The answer seems obvious already but doing that means that the theorem I'm actually proving is $$\text{axioms of equality in FOL}\vdash\text{converse of axiom of extensionality}$$ and not the latter independently. Is there a rule that allows me to independently write down the statement that follows after $\vdash$ when I know that the statement preceding it is true?
 A: The symbol $\vdash$ is not really what you want. You are doing metalogic, so to speak, and the first rule is not to mess up with notation and conflate lower order logic with higher order logic. Something like $\Rightarrow$ is more suitable.

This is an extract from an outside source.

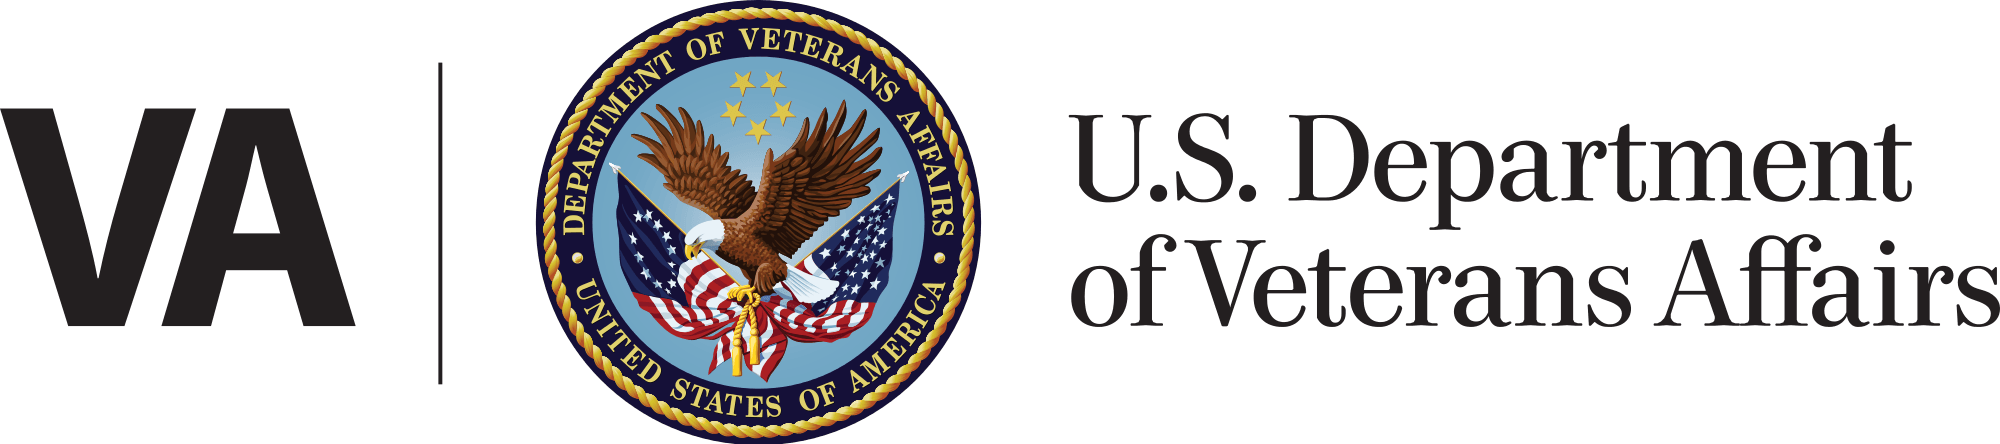 VA Logo - VA.gov

Furthermore, you cannot do metalogic over FOL as you were actually doing FOL. You are quantifying over sets, sets of sets, etc. You are outside FOL. 
Those axioms define the symbol $=$ in a higher order metalogic, and the symbol is employed as a primitive term (what means it cannot be "proved"). You should think of axioms as definitions of its terms and the related concepts appearing in the axiom. I highly recommend you read Tarski to have a superb and clear overview of all of these issues.
Thus, proving one axiom from the other might be useful, although it is perhaps not what you think you are doing. If you strip the axiom of extensionality out of the equality symbol/concept, you still do set theory. If you want to do FOL with equality, then you introduce the equality symbol in the axiom of equality.
Anyway, Equality in mathematics comes with plenty of different flavors. Philosophically speaking, there seems to be nothing better than Leibniz's definition.